Another reason why it is so detailed is also because Samsung specifically trained the camera to take pictures of the Moon, among other scenes.


Update (2023-03-14): ibreakphotos (MacRumors):

So, while many have tried to prove that Samsung fakes the moon shots, I think nobody succeeded - until now.


The moon pictures from Samsung are fake. Samsung’s marketing is deceptive. It is adding detail where there is none (in this experiment, it was intentionally removed). In this article, they mention multi-frames, multi-exposures, but the reality is, it’s AI doing most of the work, not the optics, the optics aren’t capable of resolving the detail that you see.

Via John Gruber:

Have to say I’m surprised both Raymond Wong and Marques Brownlee were taken in by this. These “amazing” moon photos seem impossible optically, and, more tellingly, no one is able to get these Samsung phones to capture similarly “amazing” 100× zoom images of random objects that aren’t the moon.

It’s strange, since Brownlee’s words are that “It’s not an overlay,” but then he references the Huawei controversy, where it was established that the details came from an ML model rather than a bitmap overlay.

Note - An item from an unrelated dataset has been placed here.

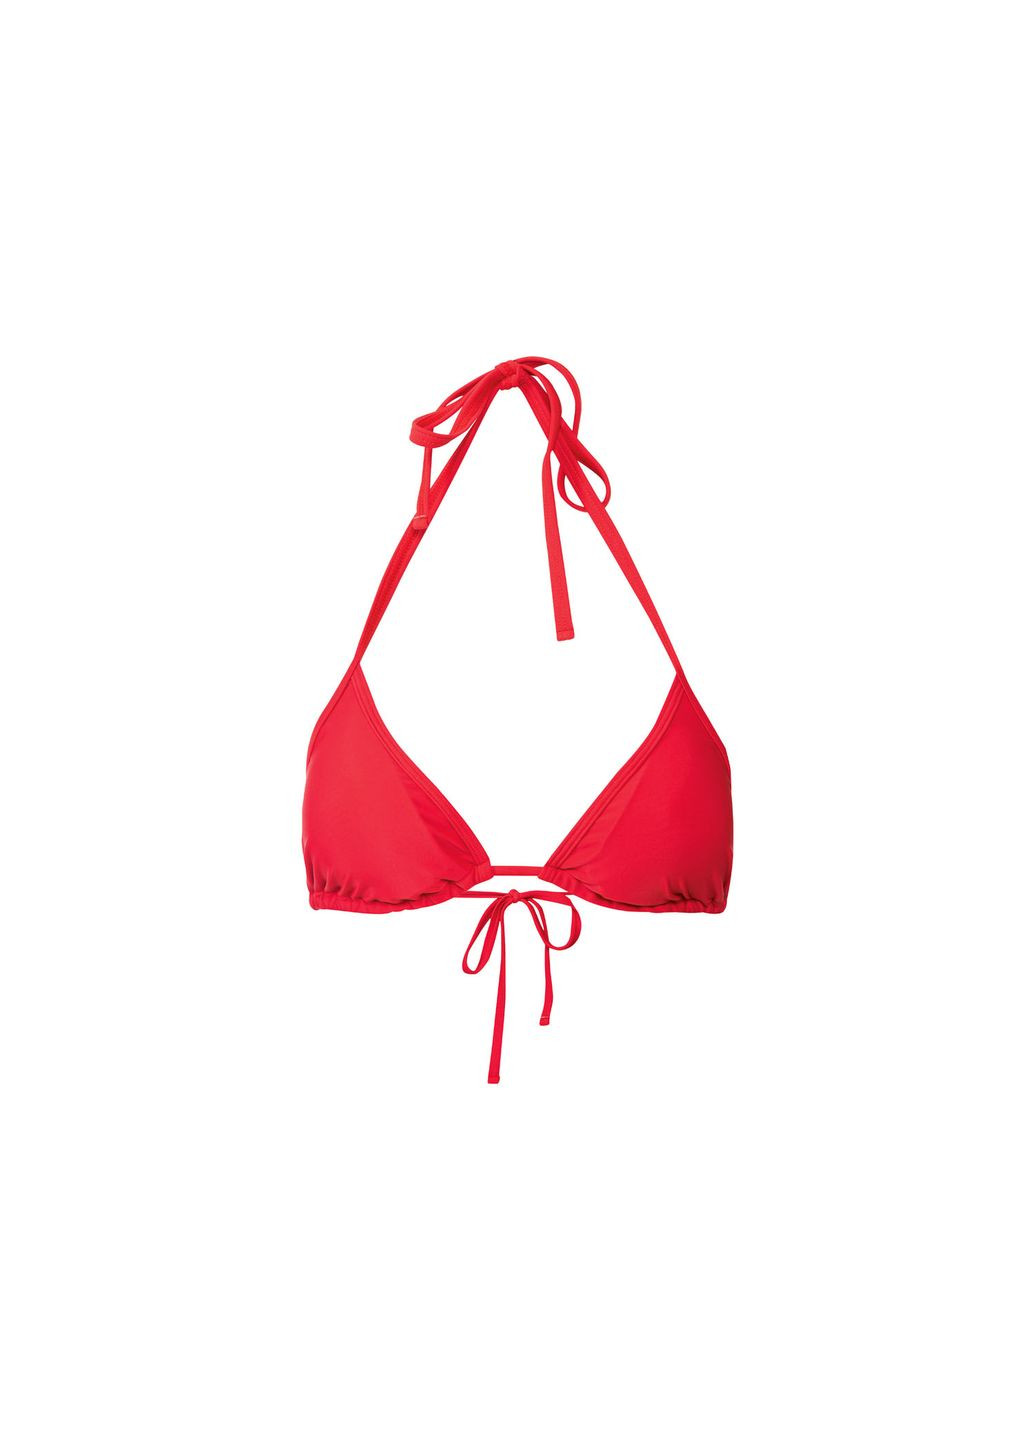 Красный купальник раздельный на завязках для женщины 371920 Esmara С открытой спиной, С открытыми плечами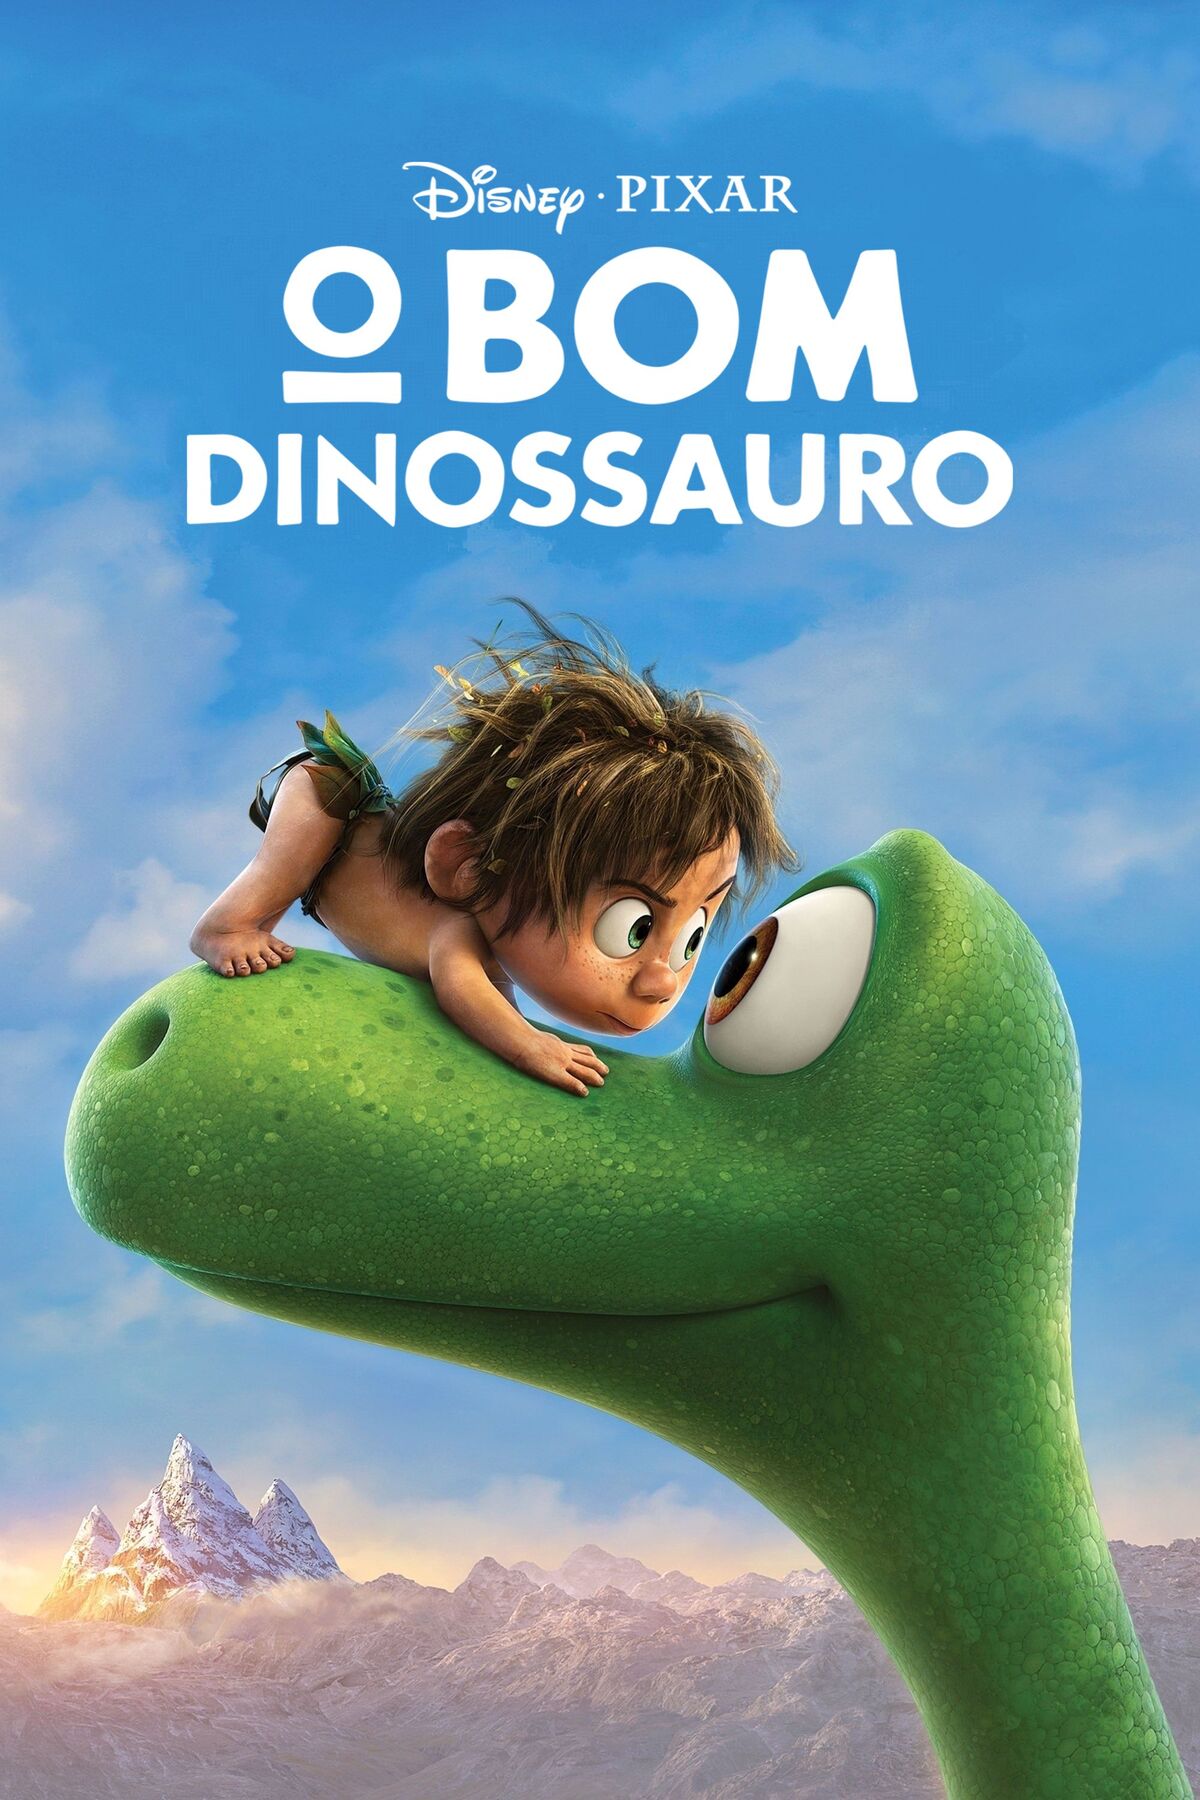 O dinossauro da Pixar e a Grace de Mônaco - Diário do Vale

So he knows that Samsung might be doing the same thing yet seems to assume it’s just a great lens.

Nick Heer:

Samsung has explained how its camera works for pictures of the Moon, and it is what you would probably expect: the camera software has been trained to identify the Moon and, because it is such a predictable object, it can reliably infer details which are not actually present. Whether these images and others like them are enhanced or generated seems increasingly like a distinction without a difference in a world where the most popular cameras rely heavily on computational power to make images better than what the optics are capable of.

Update (2023-03-16): Samsung (via Hacker News):

As part of this, Samsung developed the Scene Optimizer feature, a camera functionality which uses advanced AI to recognize objects and thus deliver the best results to users. Since the introduction of the Galaxy S21 series, Scene Optimizer has been able to recognize the moon as a specific object during the photo-taking process, and applies the feature’s detail enhancement engine to the shot.

When you’re taking a photo of the moon, your Galaxy device’s camera system will harness this deep learning-based AI technology, as well as multi-frame processing in order to further enhance details.

Update (2023-03-21): John Gruber:

There’ve been a couple of follow-ups on this since I wrote about it a few weeks ago. Marques Brownlee posted a short video, leaning into the existential question of the computation photography era: “What is a photo?” Input’s Ray Wong took umbrage at my having said he’d been “taken” by Samsung’s moon photography hype in this Twitter thread.

Samsung’s phones are rendering the moon as it was, at some point in the past when this ML model was trained.

And that’s where Samsung steps over the line into fraud. Samsung, in its advertisements, is clearly billing these moon shots as an amazing feature enabled by its 10× optical / 100× digital zoom telephoto camera lens. They literally present it as optically superior to a telescope. That’s bullshit. A telescope shows you the moon as it is. Samsung’s cameras do not.